SUMENEP, NEWS9 – Penempatan AIPDA Joko Dwi Heri Purnomo sebagai Kanit Reskrim Polsek Masalembu kembali menjadi perhatian khusus bagi khalayak umum.
Riwayat yang pernah menyeret namanya dalam dugaan permintaan uang pelicin saat menjabat Kanit Reskrim Polsek Dungkek pada 2025 kini kembali dipertanyakan setelah muncul keluhan masyarakat terkait penegakan hukum di wilayah Kepulauan Masalembu.

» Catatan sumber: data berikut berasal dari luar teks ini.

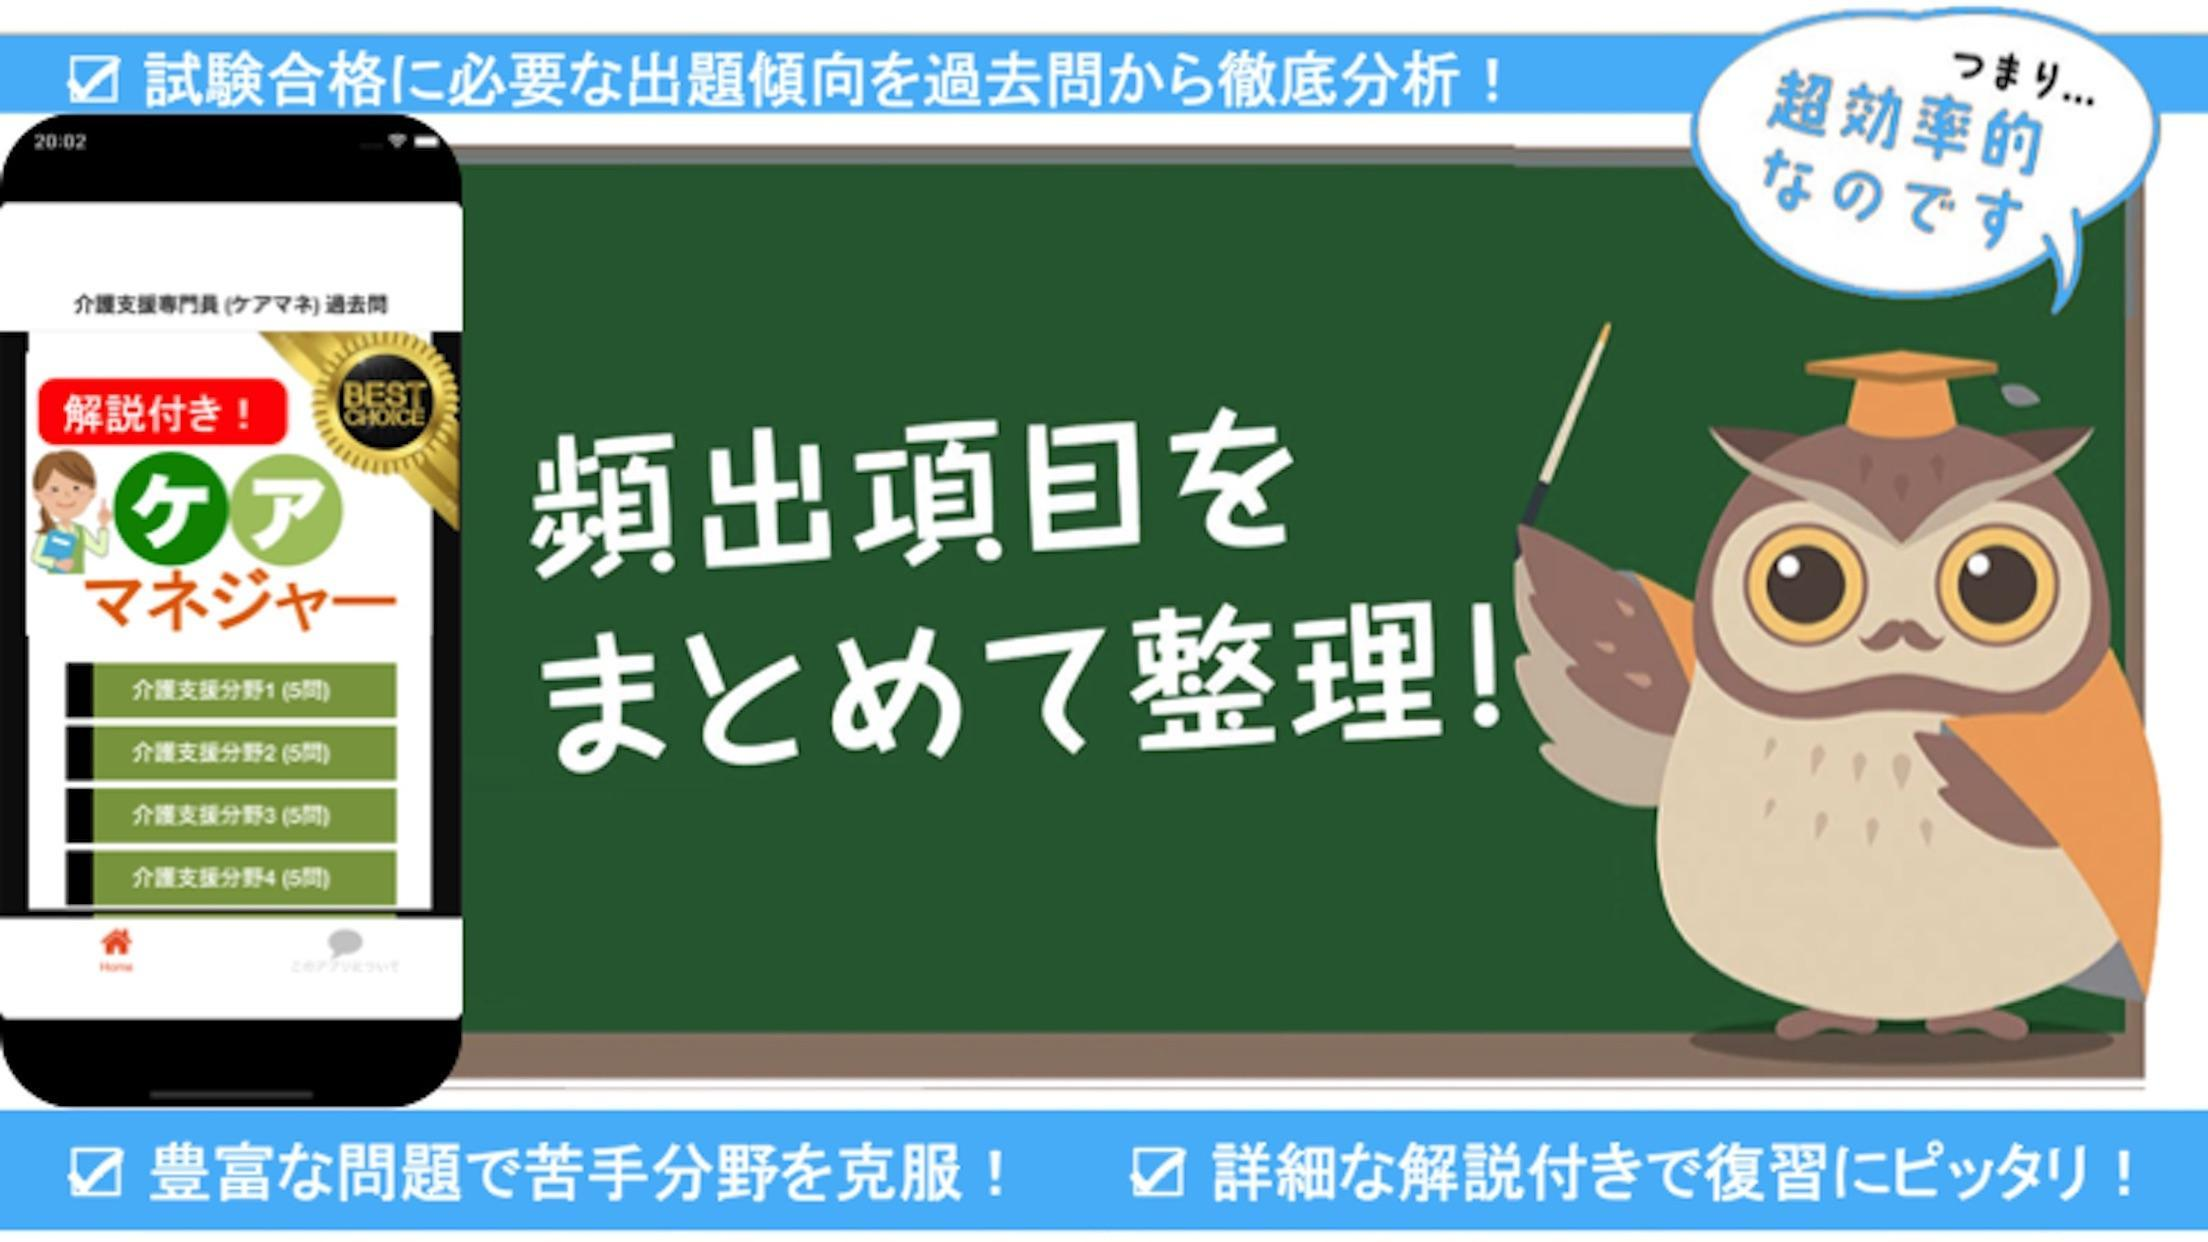 ケア マネージャー 試験 2019
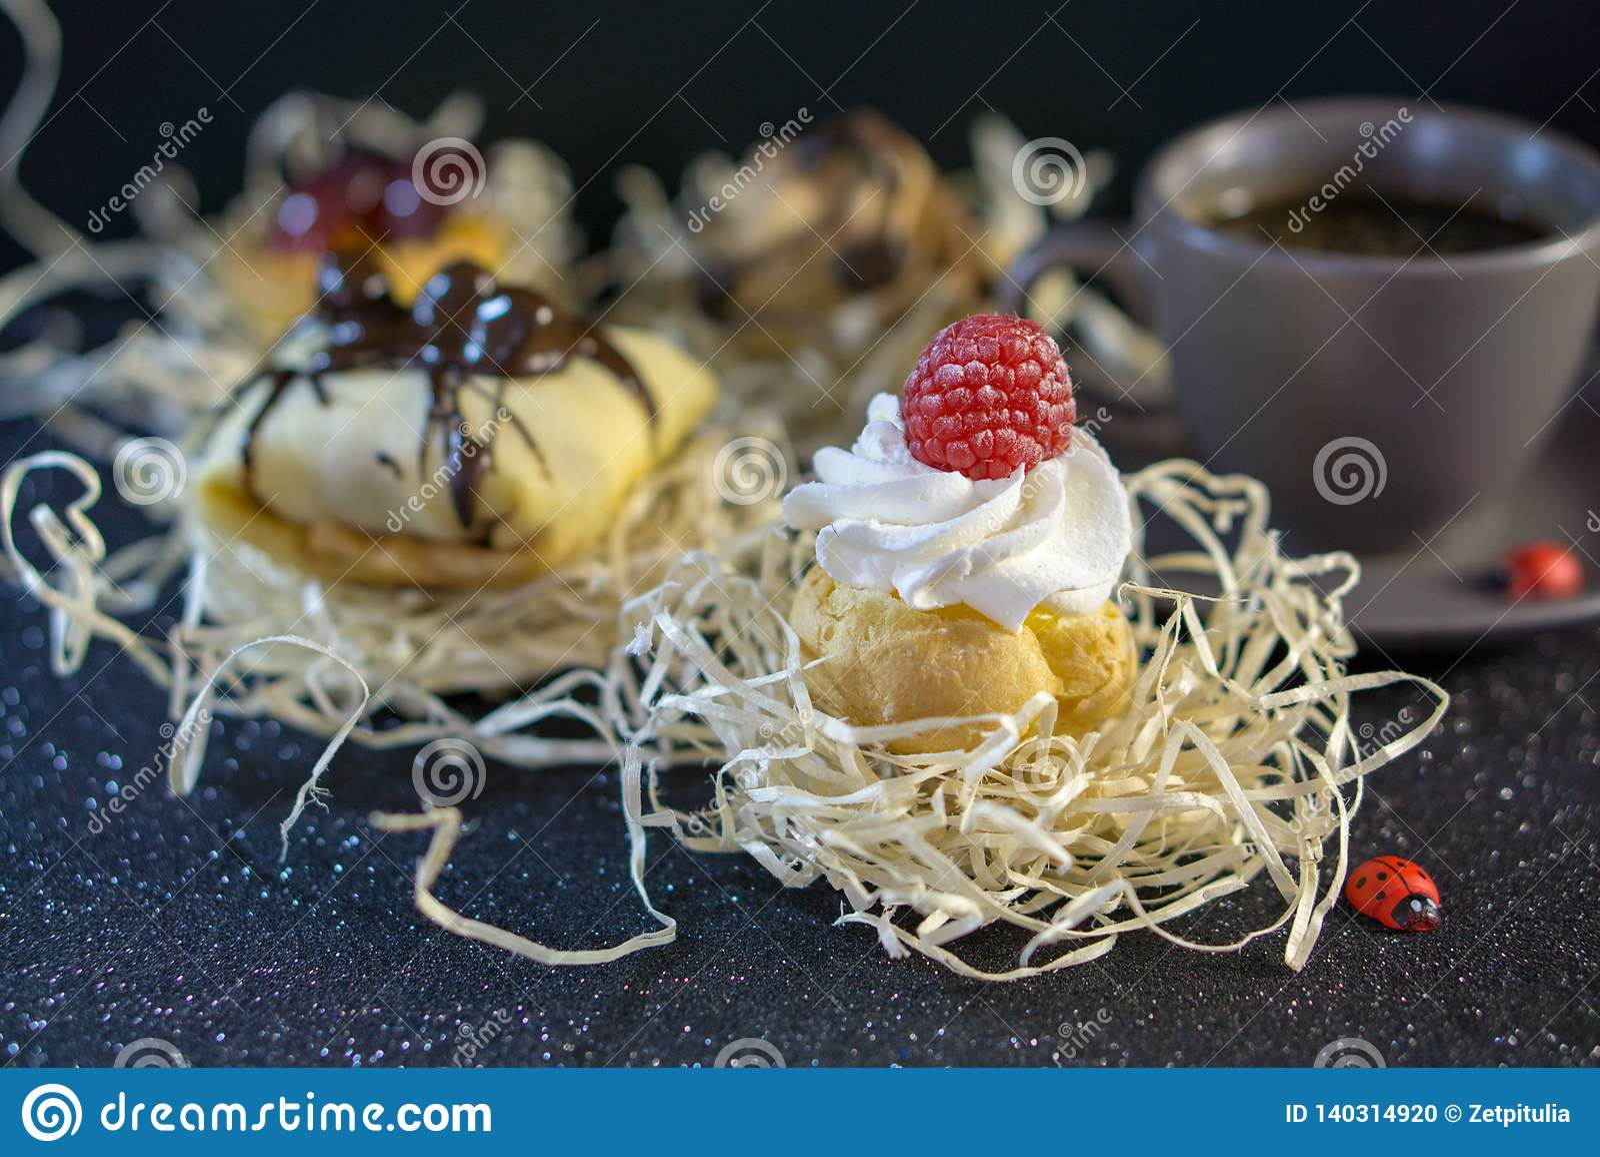 神的酥皮点心用莓和奶油,与一个底部在蛋糕下,弄脏背景用其他酥皮点心和a

Saat kasus dugaan permintaan uang pelicin atas penanganan perkara perusakan pagar di Desa Bancamara, Kecamatan Dungkek, mencuat pada 2025, Kompol Widiarti yang saat itu menjabat di Bagian Humas dan SDM Polres Sumenep menyatakan bahwa AIPDA Joko akan dicopot dari jabatannya sebagai Kanit Reskrim Polsek Dungkek.
Namun, kini yang bersangkutan justru bertugas sebagai Kanit Reskrim Polsek Masalembu.
Penempatan tersebut memunculkan tanda tanya di kalangan masyarakat yang berharap wilayah kepulauan mendapatkan aparat penegak hukum yang berintegritas dan profesional.
Tokoh masyarakat Masalembu, Maktub Syarif, mengaku menerima banyak keluhan warga sejak AIPDA Joko bertugas di wilayah tersebut.
Menurutnya, berbagai kejanggalan dalam penanganan perkara telah menimbulkan keresahan di tengah masyarakat.
“Sejak beliau bertugas di Masalembu, banyak kejanggalan yang dirasakan masyarakat, terutama dalam menjalankan fungsi penegakan hukum yang bersentuhan langsung dengan warga kecil,” ujar Maktub, Senin (3/8/2026).
Maktub menegaskan, Kepulauan Masalembu bukanlah tempat untuk “membuang” aparat yang dinilai bermasalah.
Dikatakannya, masyarakat membutuhkan aparat penegak hukum yang menjunjung tinggi integritas, profesionalisme, dan keadilan.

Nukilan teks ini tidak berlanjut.